Цветы были поставлены в вазы, но и на этом Реновалес не успокоился. Надо чтобы на каком-то столике в мастерской лежали конфеты и стояло шампанское, лучшее из всех, какие найдет Котонер. Тот сказал, что пусть все это покупает слуга, а с него, мол, хватит; он и так набегался, готовясь к визиту этой девушки, что целомудренно прижимает локти к туловищу, невинно улыбается и поет ужасные непристойности.
— Нет, Пепе, — возразил маэстро с мольбой в голосе. — Ступай сам. Я не хочу, чтобы слуга об этом знал. А вдруг проговорится... Моя дочь всегда донимает его расспросами.
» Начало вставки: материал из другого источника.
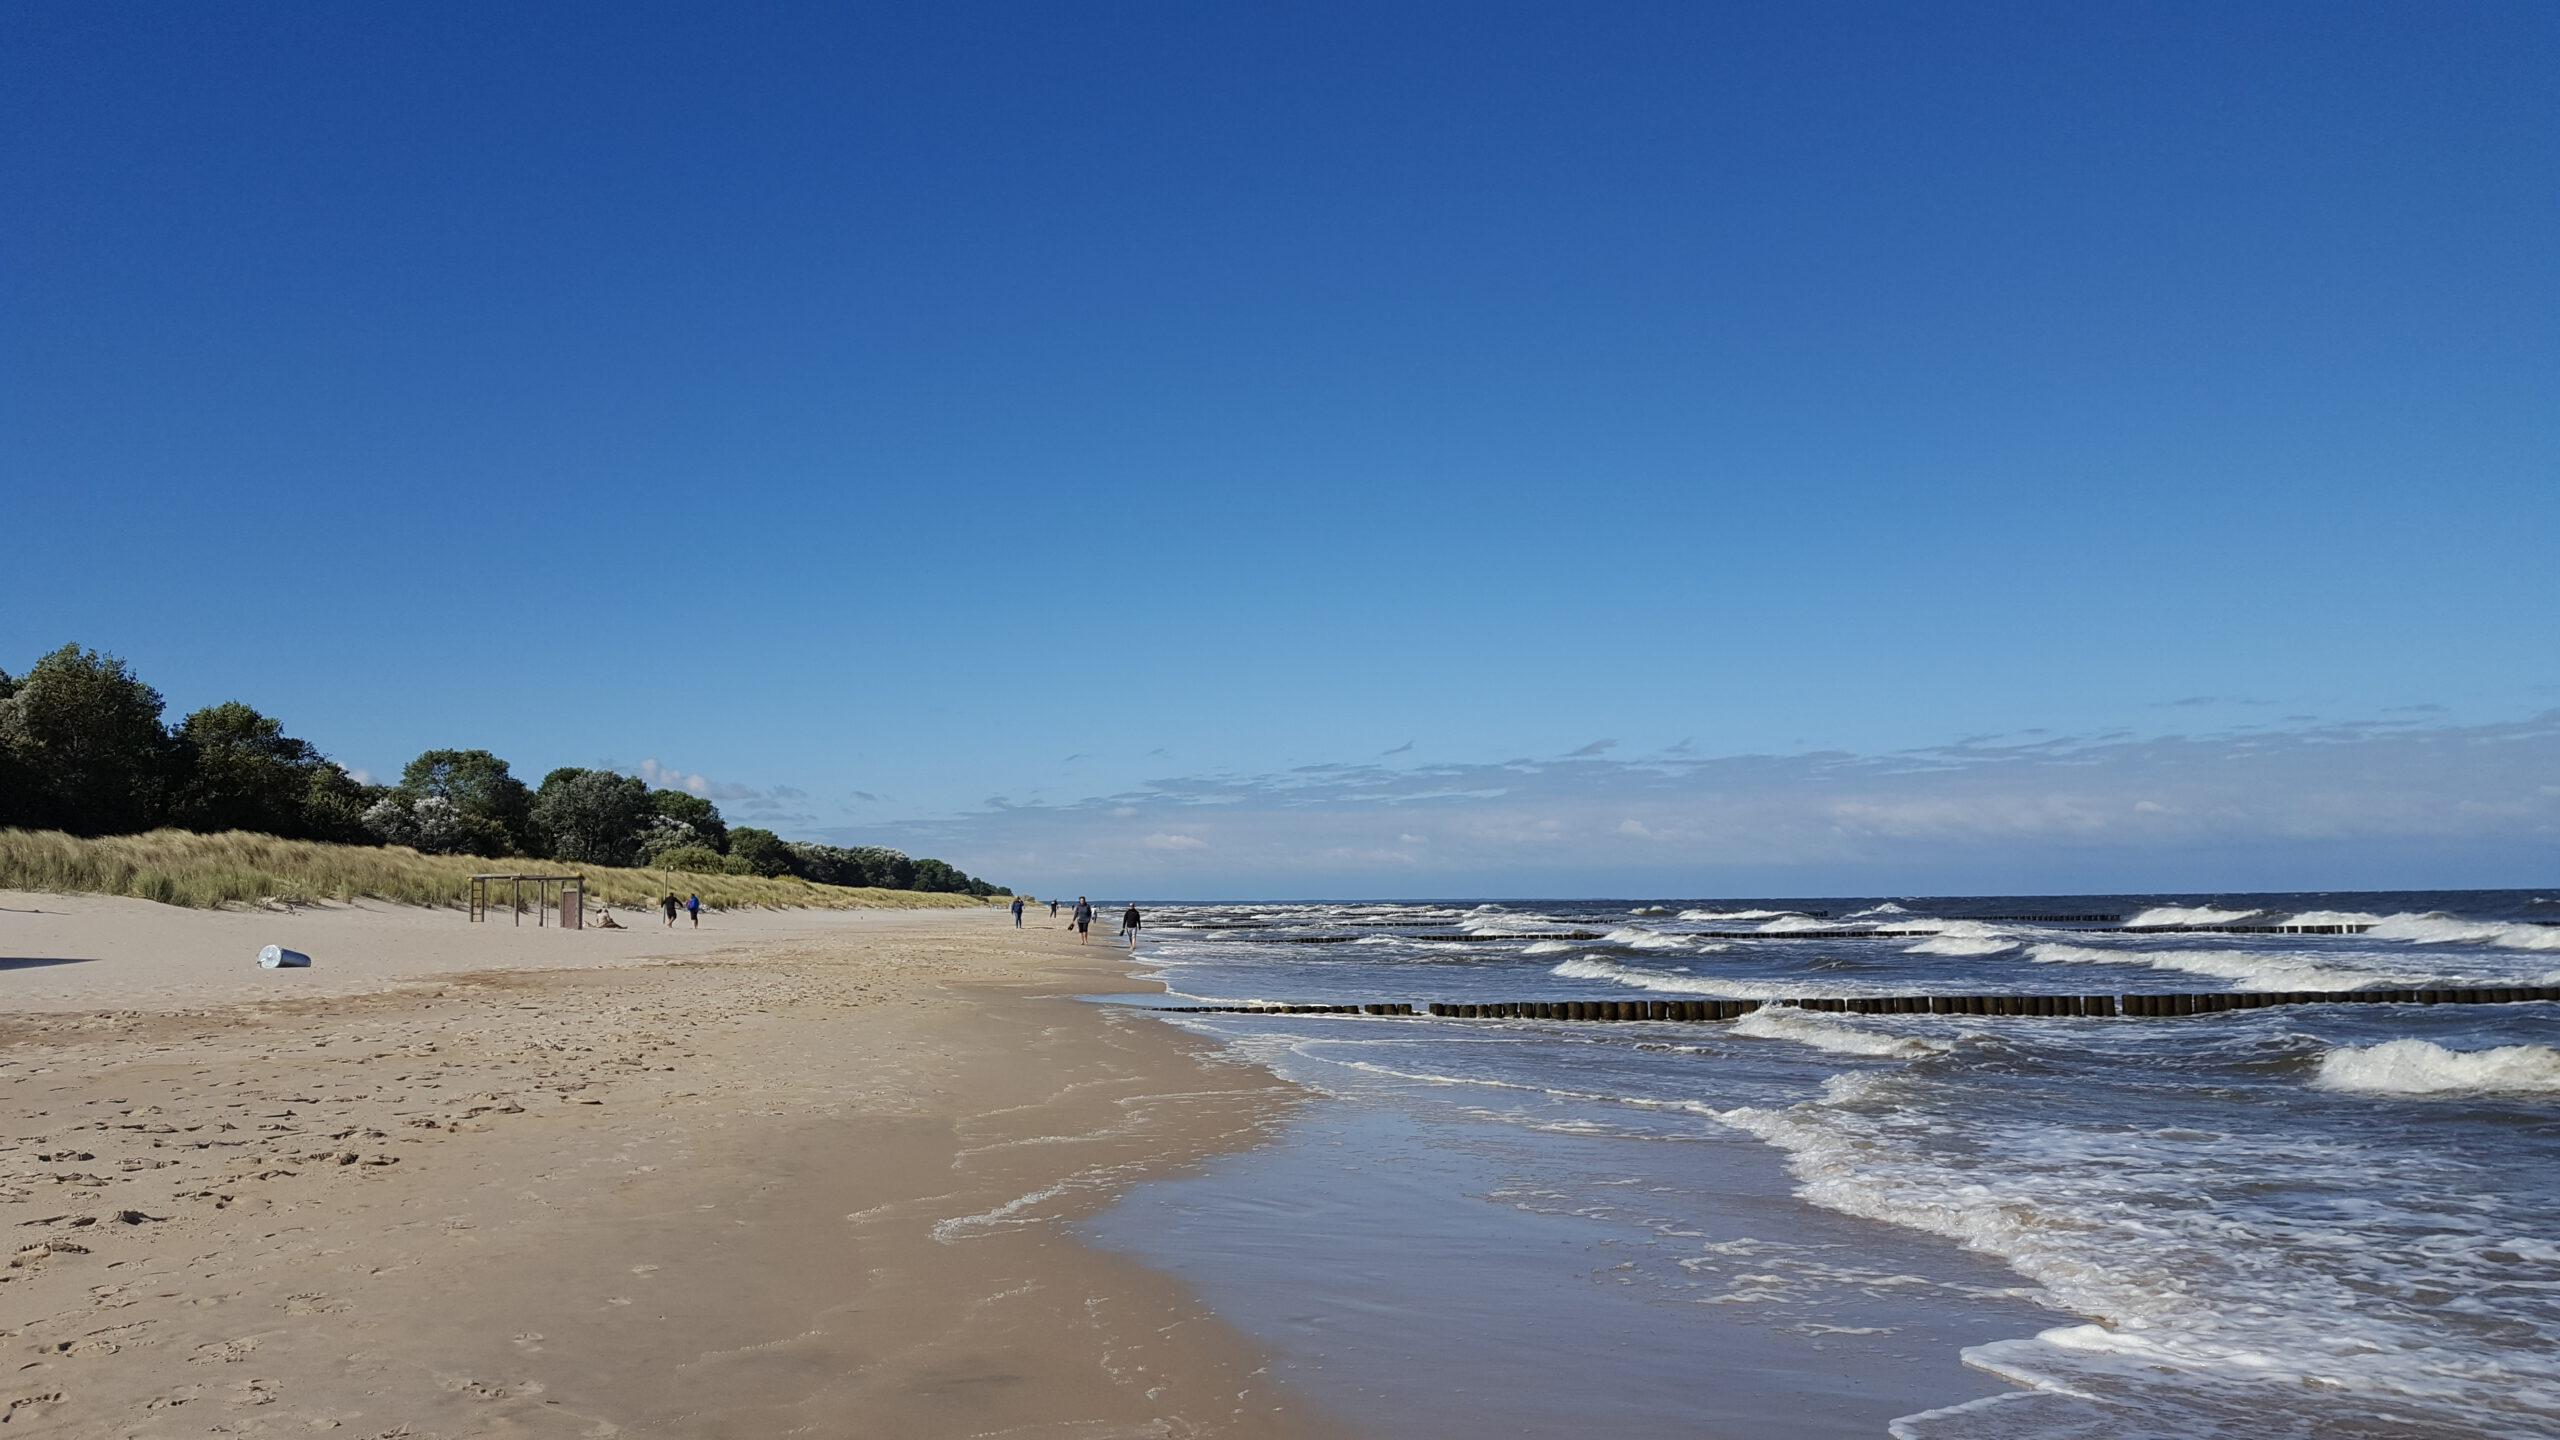 Strand zwischen Zempin und Koserow - Ostsee Urlaub Wanderwege Zempin Insel Usdeom Ausflusgziel

Котонер не стал спорить дальше, пошел. Вернувшись через час, он увидел, что Реновалес перебирает в натурщицкой комнате какую-то одежду.
Старый друг положил на столик пакеты. Высыпал сладости на античные блюда, размотал завернутые бутылки.
— Сеньору все подано, — сообщил он с ироничной почтительностью. — Может, сеньор желает еще чего-то?.. Вся семья на ногах, готовится к визиту этой высокой дамы: твой зять ее привозит, я исполняю обязанности служанки... Осталось позвать твою дочь, чтобы она помогла ей раздеться.
— Спасибо, Пепе, спасибо! — воскликнул маэстро с искренним чувством, ничуть не обидевшись.
Ко второму завтраку маэстро вышел аккуратно причесанный, нарядно одетый, с закрученными усами. В петлице его лучшего костюма краснела роза. Его старый друг громко захохотал. Чем дальше — тем лучше!.. Мариано точно сошел с ума, выставлял себя на посмешище.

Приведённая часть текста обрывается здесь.